Уроки кончились. Ко мне подошёл Виктор.
— Ты можешь ничего не говорить, но, я чувствую, что-то случилось: Мария Евсеевна провожала тебя в школу, заглянула в класс на истории. Никогда такого не бывало. Пойдём к нам, хочешь? Мама пришла с работы, пообедаем втроём.
— Поезд в четыре, — говорю я Виктору, — сейчас два двенадцать. Помоги мне. Я совсем вас с мамой загоняла, но у меня нет выхода — надо успеть собраться.
Мы идём от школы. Всё непривычно. Солнце осушает своей игрой лужи. И то, что мы идём с Виктором рядом… И то, что мы разговариваем.
— Я или мама можем что-то изменить, чтобы ты не уехала? Или хотя бы подождала уезжать и закончила школу?
— Нет, вы ничего не можете изменить.
Я иду. Я говорю с Виктором. Когда жизнь кончилась.
— Мне нетрудно купить билет. Хочешь, я подойду к дому в три тридцать?
— Хочу. Только под окно. А Ангелика Сысоевна потом передаст маме записку.

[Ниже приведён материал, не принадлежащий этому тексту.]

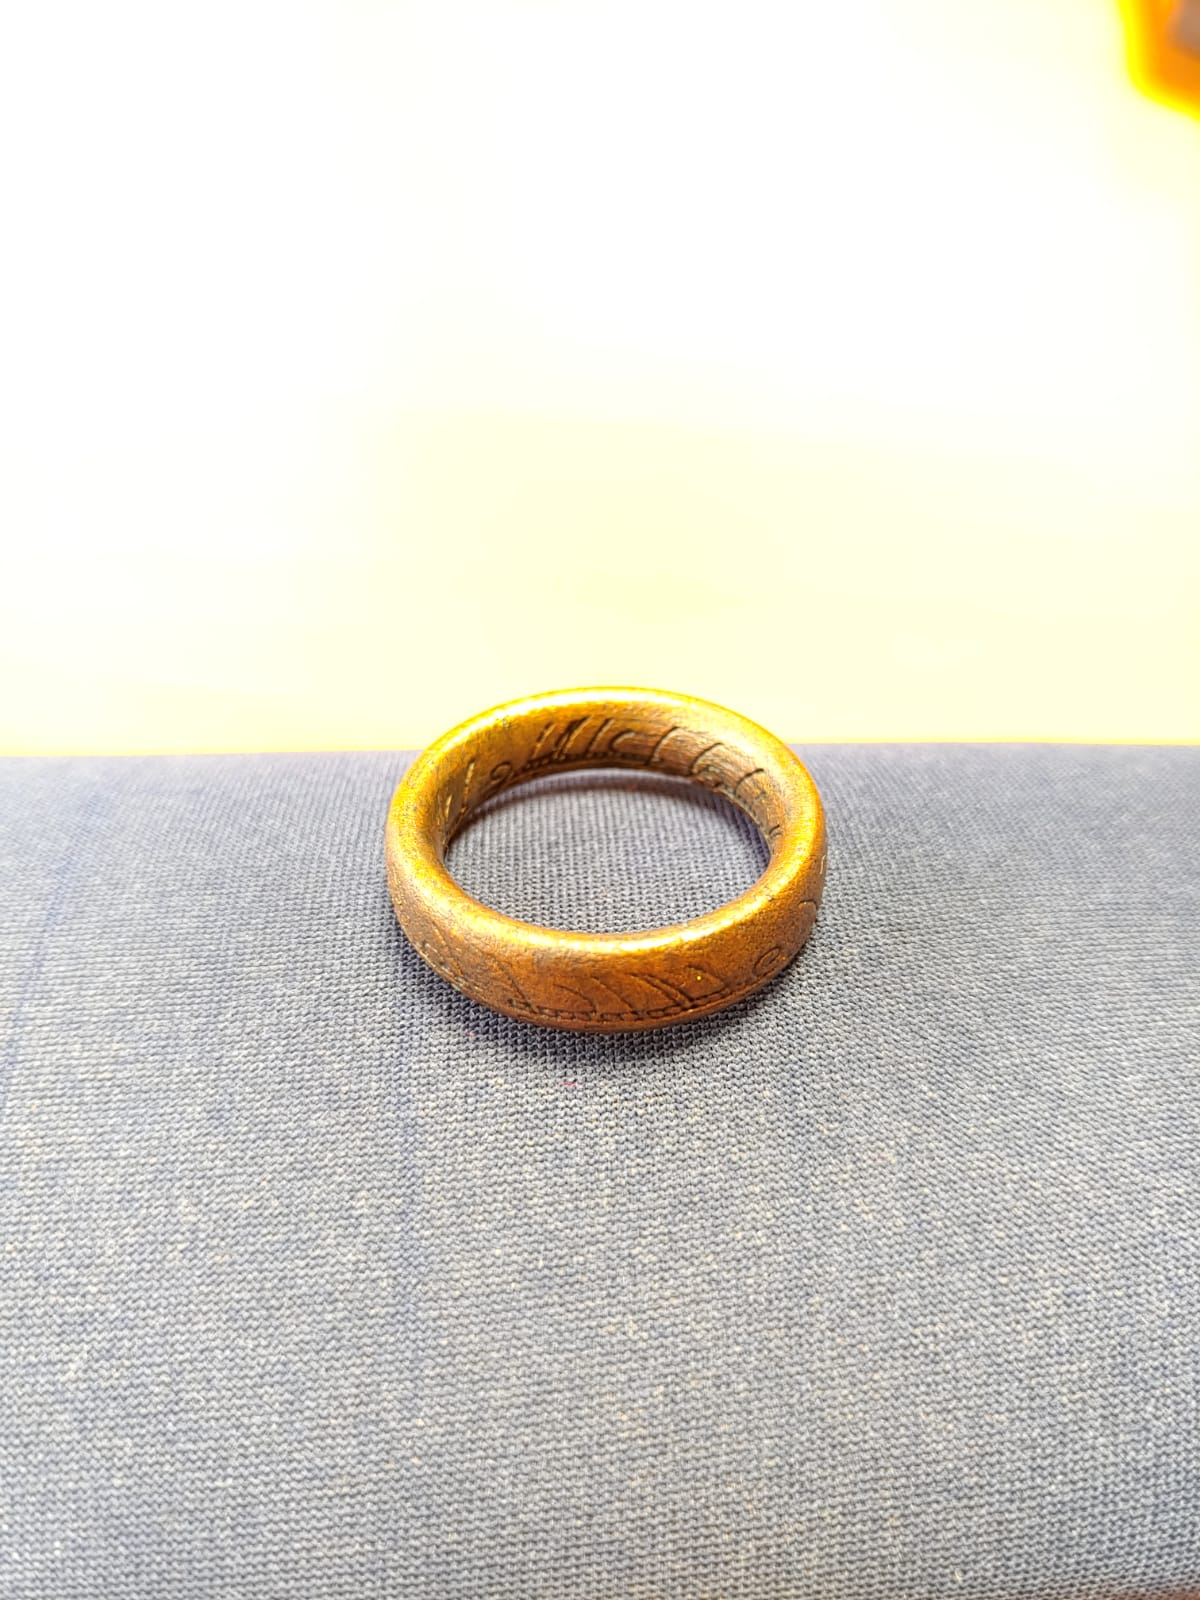 3D Printable The One Ring by Mieszko Lacinski

Мама дома и задыхается, у неё — приступ.
Звоню в «скорую», звоню Ангелине Сысоевне — перехватить Виктора. Я не могу уехать — мама умирает.
Приступ длится до вечера. Ни уколы, ни искусственное дыхание не помогают, мама пытается вздохнуть и не может. Опять сини губы, выпучены глаза, смертная бледность…
Виктор, Ангелина Сысоевна, отец, врачи топчутся в беспомощности.
И я стою около неё.
Она пытается поймать мой взгляд.
Вопрос — жить ей, не жить — зависит от меня? Она знает, что я знаю? Она просит пощадить её?
Что же я за стерва?! Только о себе думаю.
Ну же, забудь про себя, соверши геройский поступок: поднимись над обидами, подави себя, спаси жизнь своей матери! И я склоняюсь к ней:
— Мама, мама, пожалуйста…
Губы мои лепечут жалкие слова, руки мои гладят её, чуть придавливая и отпуская грудь.
И мама начинает дышать. Ровно, спокойно, как здоровый человек. И тут же отпускает её день — нашпигованная лекарствами, она засыпает.